Clients may request a lock timeout period that is appropriate to the
use case. When the user explicitly decides to reserve a resource and
prevent other changes, a long timeout might be appropriate, but in
cases when the client automatically decides to lock the resource the
timeout should be short (and the client can always refresh the lock
should it need to).
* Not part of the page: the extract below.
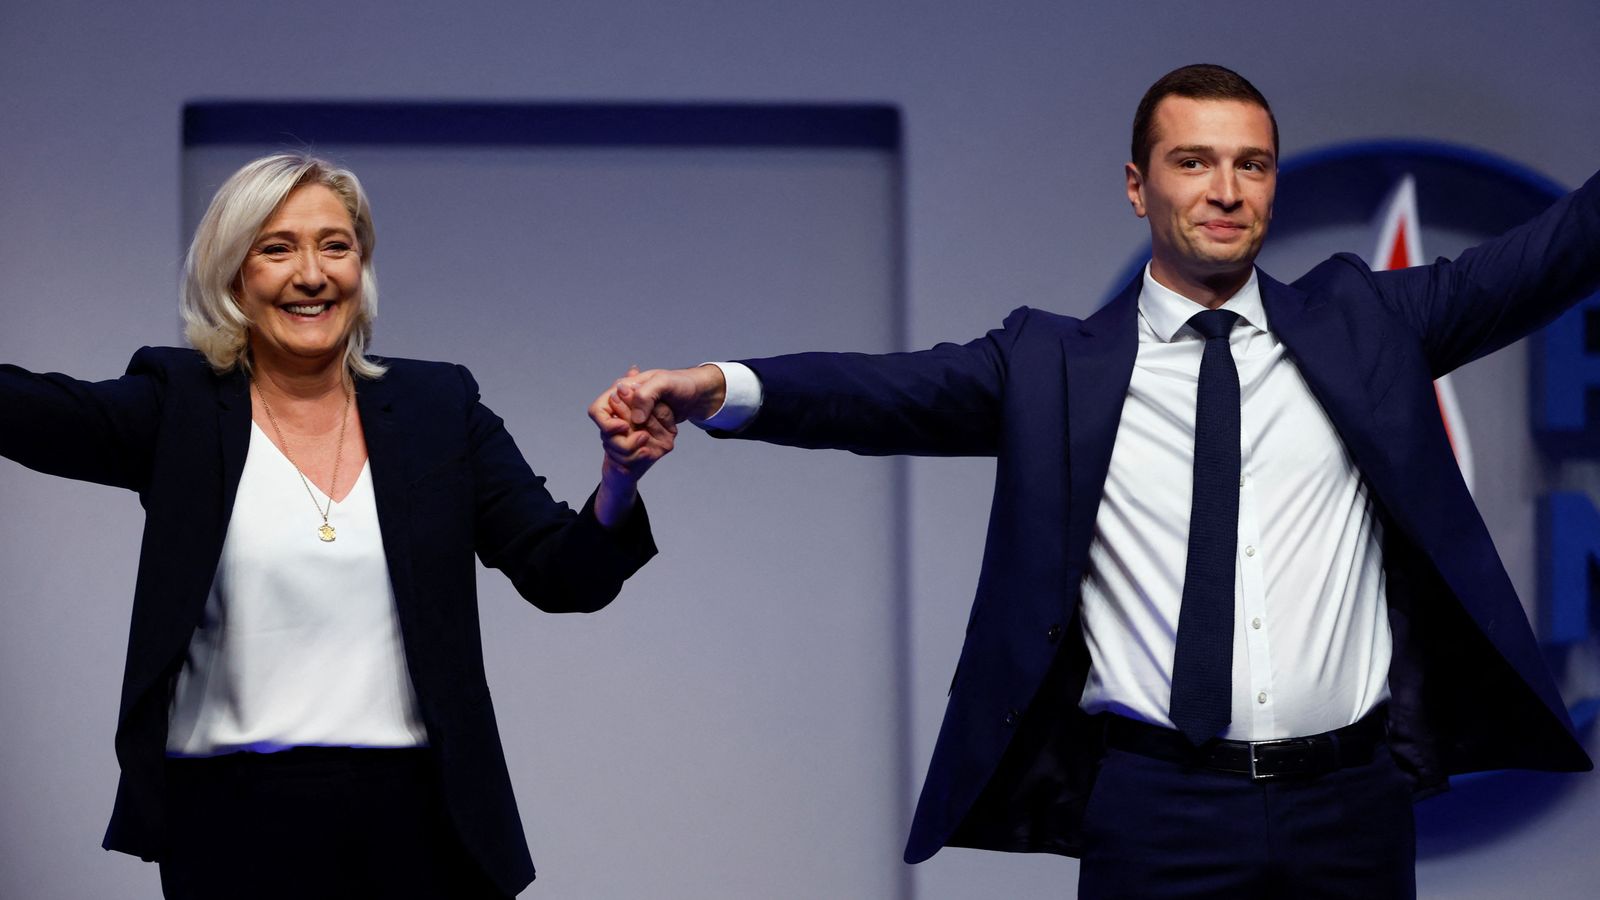 Marine Le Pen replaced as head of France's National Rally party

A short lock timeout means that if the client is
unable to remove the lock, the other address book users aren't
prevented from making changes.
7.3. Finding address books
Much of the time an address book client (or agent) will discover a
new address book's location by being provided directly with the URL.
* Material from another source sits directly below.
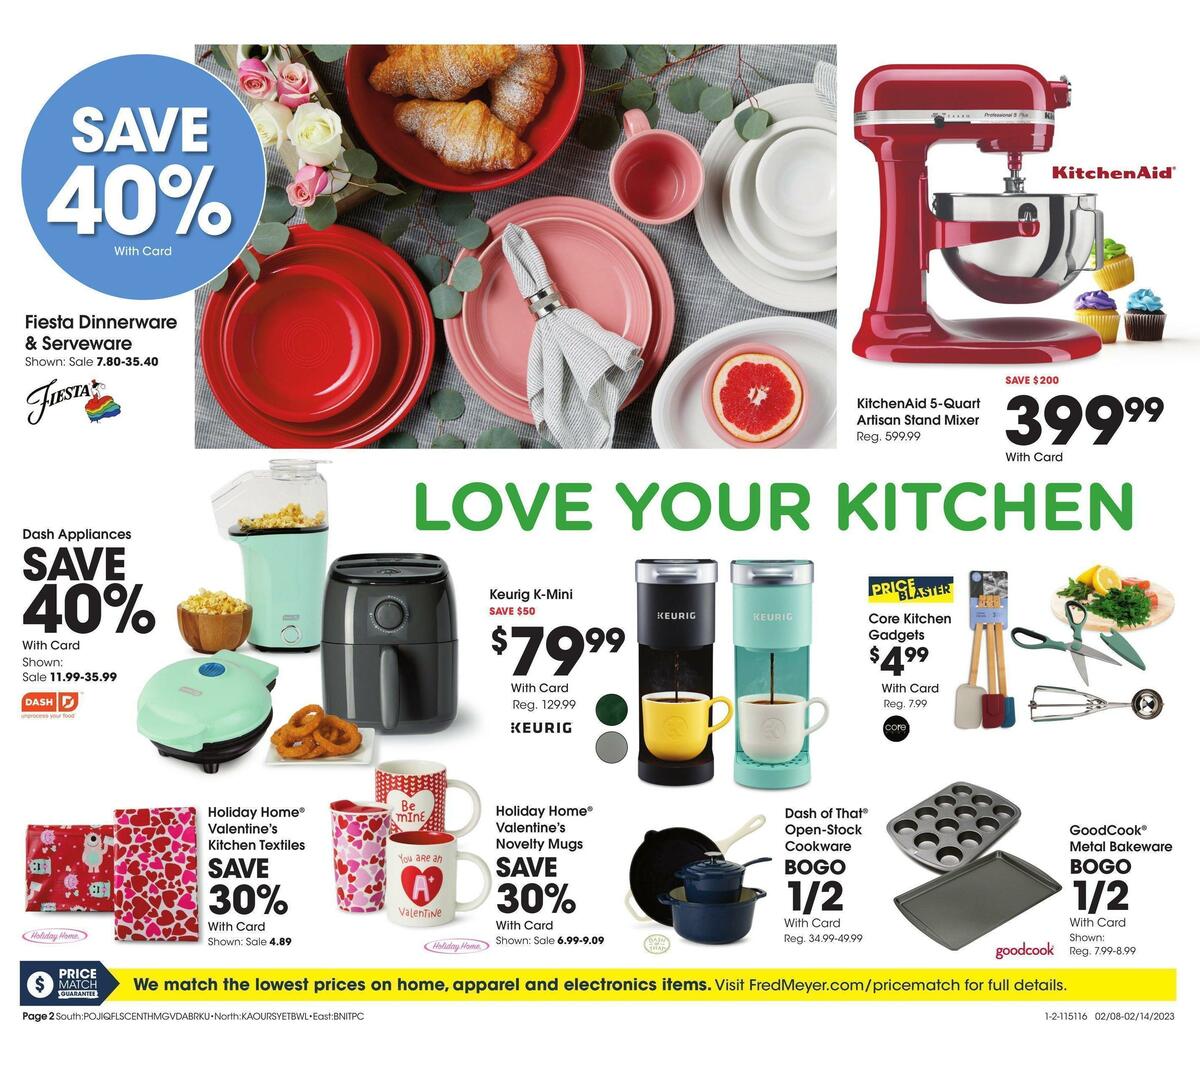 Fred Meyer General Merchandise Weekly Ad from February 8

E.g. a user will type his or her own address book location into
client configuration information, or cut and paste a URL from email
into the address book application. The client need only confirm that
the URL points to a resource which is an address book. The client
may also be able to browse WebDAV collections to find address book
collections.
The choice of HTTP URLs means that vCard object resources are
backward compatible with existing software, but does have the
disadvantage that existing software does not usually know to look at
the OPTIONS response to that URL to determine what can be done with
it. This is somewhat of a barrier for WebDAV usage as well as with
CardDAV usage. This specification does not offer a way through this
other than making the information available in the OPTIONS response
should this be requested.
For address book sharing use cases, one might wish to find the
address book belonging to another user. If the other user has an
address book in the same repository, that address book can be found
by using the principal namespace required by WebDAV ACL support.
Daboo Expires April 19, 2006 [Page 30]
Internet-Draft vCard Extensions to WebDAV (CardDAV) October 2005
8. XML Element Definitions
8.1. CARDDAV:adbk-query XML Element
Name: adbk-query
Namespace: urn:ietf:params:xml:ns:carddav
Purpose: Defines a report for querying address book data
Description: See Section 6.3.
8.2. CARDDAV:adbk-data XML Element
Name: adbk-data
Namespace: urn:ietf:params:xml:ns:carddav
Purpose: Used to define which parts of a vCard object should be
returned by the report that uses this element.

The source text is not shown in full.